Yeah, I think you're right. I think the purpose of the echo command was to check if ~/bin was in the $PATH file. My problem is that I can't decipher the output and I don't know how to add ~/bin to the $PATH file.

Just for clarification, the snippet of instructions I gave is just a few steps in the installation process. Nothing is actually supposed to be installed with those steps.

Thanks for the reply.


----------



## Easy Rhino (Jul 6, 2009)

angelkiller said:


> Yeah, I think you're right. I think the purpose of the echo command was to check if ~/bin was in the $PATH file. My problem is that I can't decipher the output and I don't know how to add ~/bin to the $PATH file.
> 
> Just for clarification, the snippet of instructions I gave is just a few steps in the installation process. Nothing is actually supposed to be installed with those steps.
> 
> Thanks for the reply.



what exactly do you need to decipher about that path line? also, what are you installing? perhaps i can help.


----------



## angelkiller (Jul 6, 2009)

Easy Rhino said:


> what exactly do you need to decipher about that path line? also, what are you installing? perhaps i can help.


Ok, after seeing this thread about Android on a PC, I thought I'd give it a try. After following a string of links, I ended up at this page. I got stuck in the 'Installing Repo' section.

I don't understand what the echo $PATH command is saying. Is it giving me a list of directories seperated by colans? Or is it saying something else. The format of the output confuses me.

And I've found a workaround. Adding a directory to the $PATH file lets you call files in that directory without typing the whole location. For example, I'd be able to type 'repo' to use Repo instead of '~/bin/repo'. And actually, that's the workaround. Because ~/bin is not in my $PATH file, I have to call repo manually. Minor inconvenience, but at least it works.
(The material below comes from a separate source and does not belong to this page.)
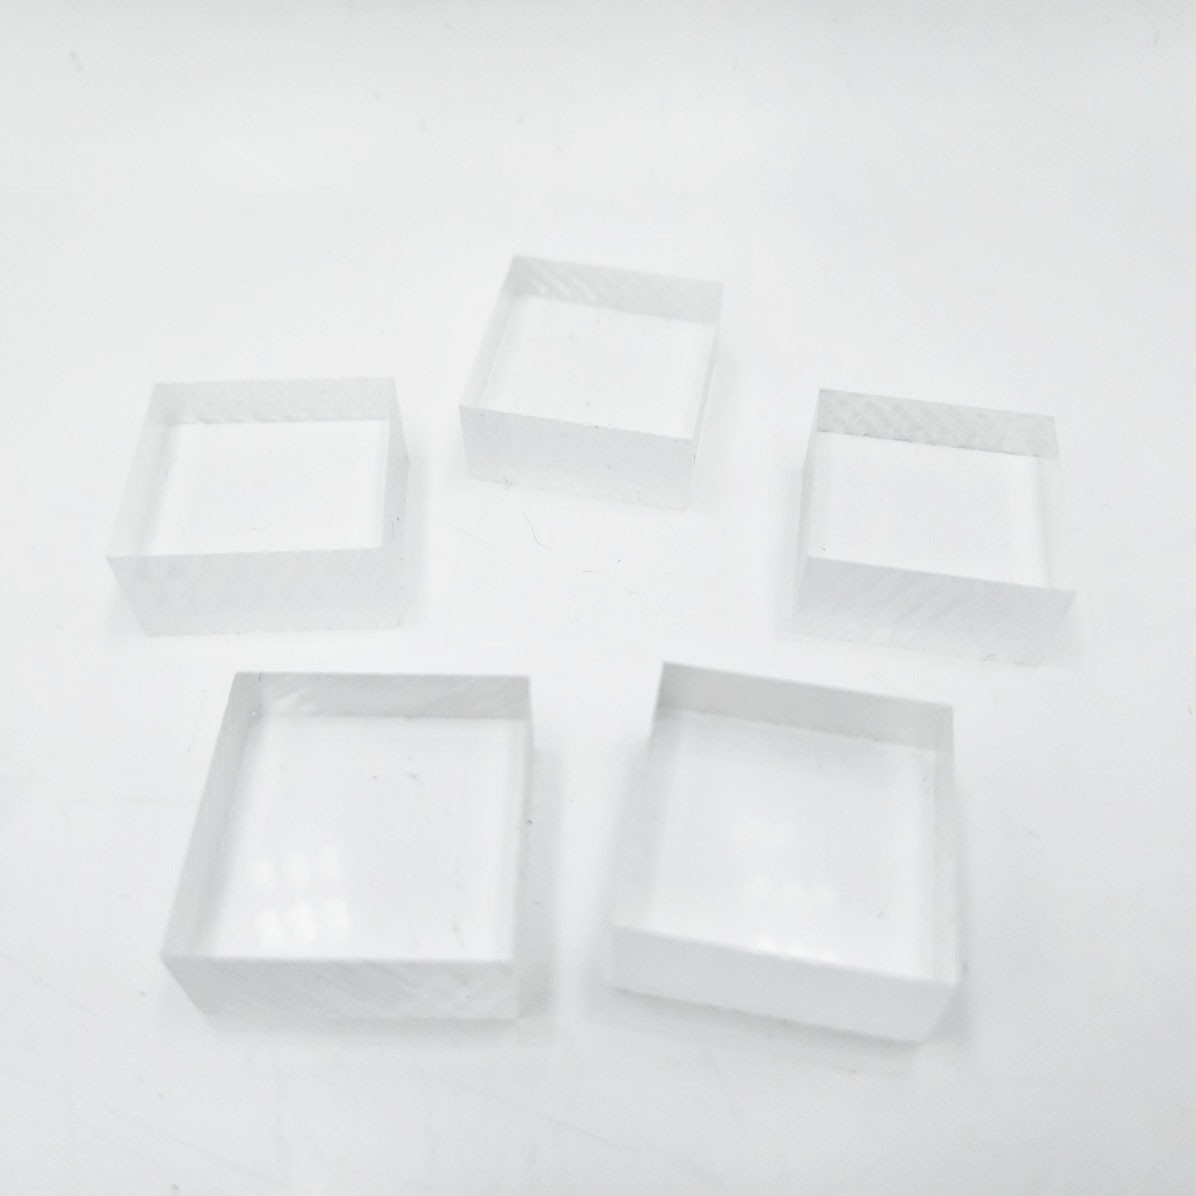 Acrylic Blocks 1 inch - set of 5

For anyone who cares about the results of me trying Android, I got stuck again. They say you need 1.5GB of RAM in order to compile it. Well, the machine I was using only had 512MB. My main Linux machine (my laptop) only has 1GB and I haven't gotten around to installing Linux on my powerful desktop with 4GB of RAM. So later today I'm gonna boot a live CD and try it again on my desktop. I'll make a thread about it if I get it to work...


----------



## Easy Rhino (Jul 6, 2009)

yea i wouldnt have a clue about how android works. do you install it over linux or entirely on its own?


----------



## ZenZimZaliben (Jul 6, 2009)

Are you looking for the pathing to be Pre or Past? Also you need to understand what the full path is.

What that output is stating is that those values (directory paths) are included in your PATH statement. Meaning it can pull library files and other files from those directories without you having to write the full path everytime. Each path is seperated by ":"


----------



## angelkiller (Jul 6, 2009)

Easy Rhino said:


> yea i wouldnt have a clue about how android works. do you install it over linux or entirely on its own?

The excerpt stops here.